I just finished reading a novel called Crossroads by Nancy Moser. It's about a woman named Madeline who makes a decision as a little girl to always live in the small town of Weaver, Kansas. But as she grows up, and people to go war, and businesses start to move out of town to survive, and others start to move to be near family, she sees the only life she ever imagined slipping away from her—so she buys up the entire town and gives it away to people she thinks would be a good fit for the community. The plot goes deeper than that, but I want to talk about one specific scene in the book that made me think.
About a third of the way into the book, a 16 year-old character named Ryan, is struggling to gain perspective.
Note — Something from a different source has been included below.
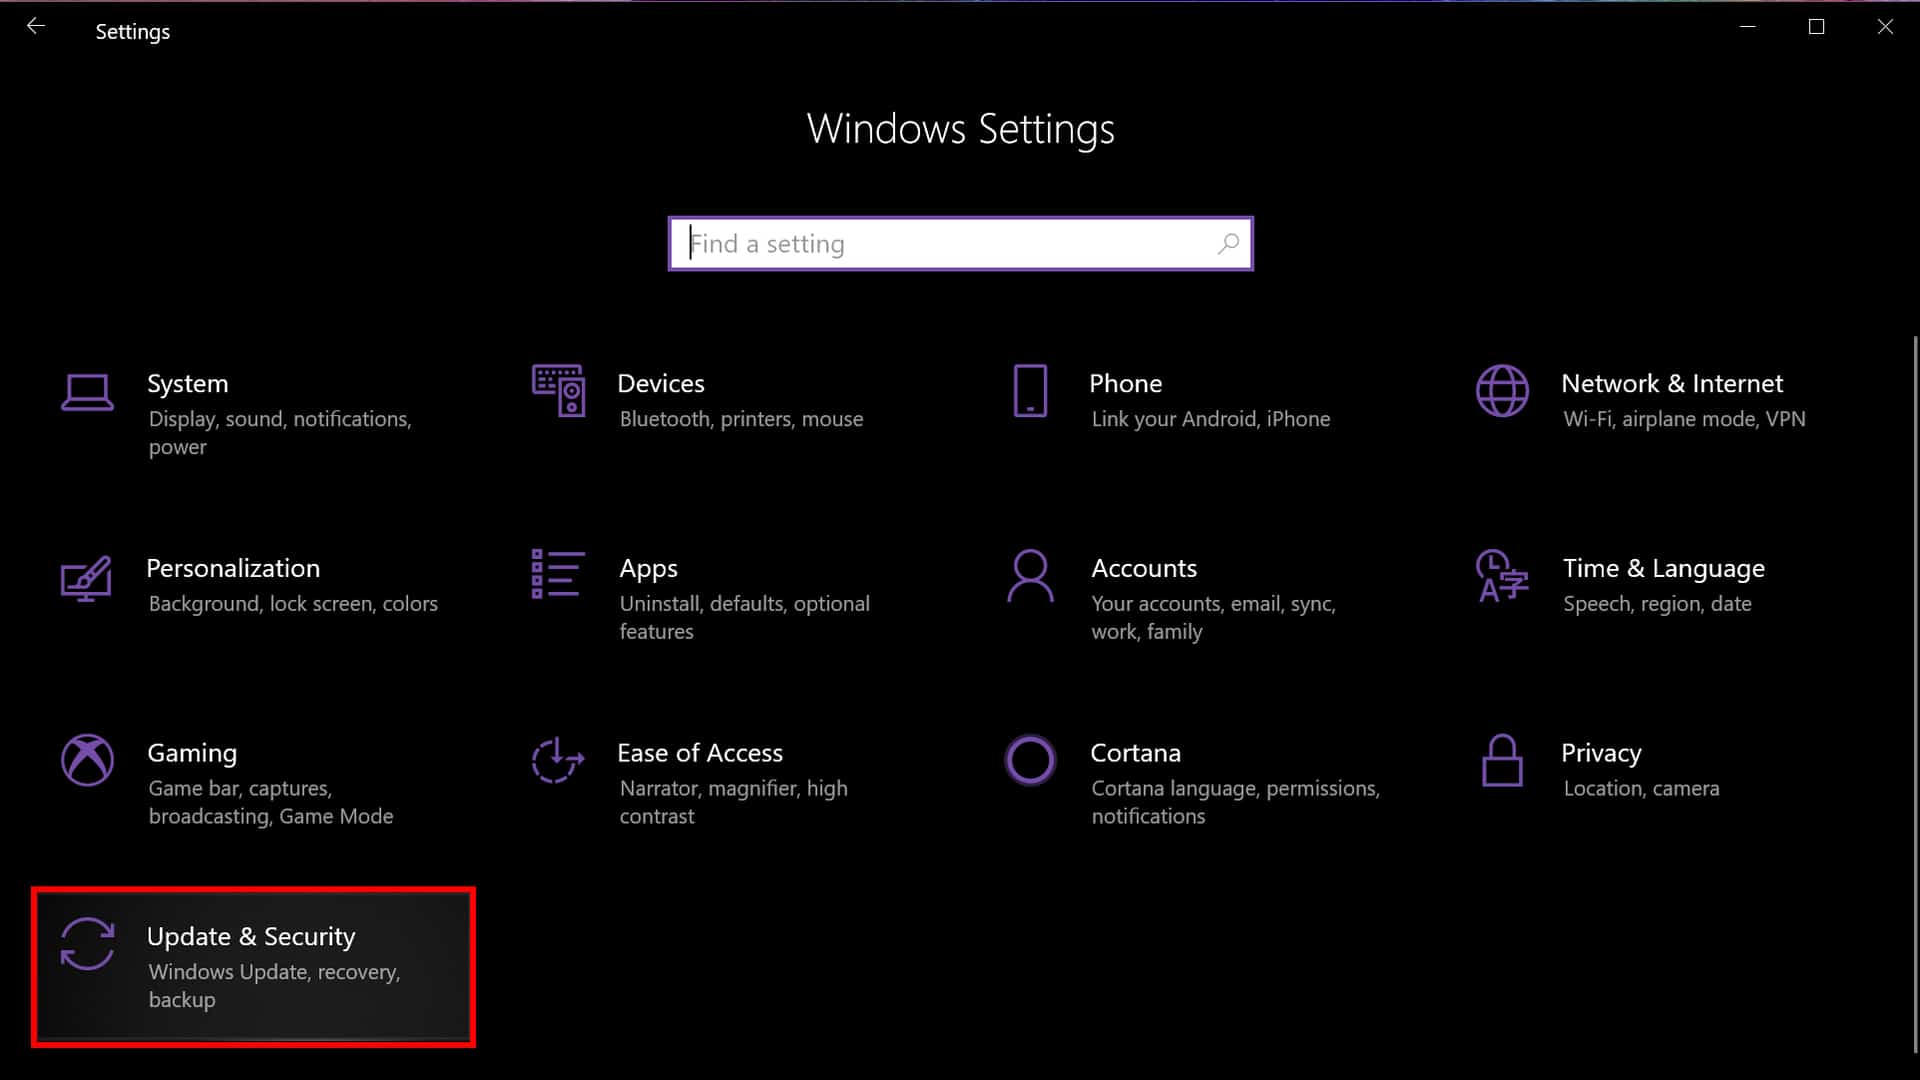 Windows 10 Update and security

His family has just moved to Weaver to start over after the tragic death (in a car accident) of his sister Lisa. Ryan is a Christian, but he's angry with God, and he's not so sure that he wants the people of Weaver to even know that he's a Christian. In this particular scene, Ryan is staring out his bedroom window and contemplating what to do next.
Here are his thoughts: "This life in Weaver was a blank, empty page. Yet, maybe blank was better than the past pages that were full of scrawls, scribbles, and cross outs. Pages ripped and bent. Yellowed. Water stained. Blank was better than that. The trouble was, he had no idea how to fill the page…"
Blank pages have always appealed to me too. And the thought of filling them with imperfections has always bugged me. I've always been the type of person who only records ideas, and concepts, and plans once I've thought them all the way through. No need for cross outs. In fact, they are ugly and somehow I've always considered them to be the evidence of a cluttered mind. Ironically, in a different context, earlier in the book, Madeline says the same thing, "Strikeouts and messiness on the page indicate strikeouts and messiness in a life."
I'm not sure what changed my mind lately—maybe it's been my willingness to accept the fact that life is messy—but I find myself writing lists, and thoughts, and brainstorming work projects (all in my trusty moleskine notebook) with little regard for perfection or even completion. In a sense, I've given myself permission to record my jumbled thoughts and in the process I'm recording a history of my decision-making process—cross outs and all—which is quite satisfying to look back upon to see how they eventually all came together.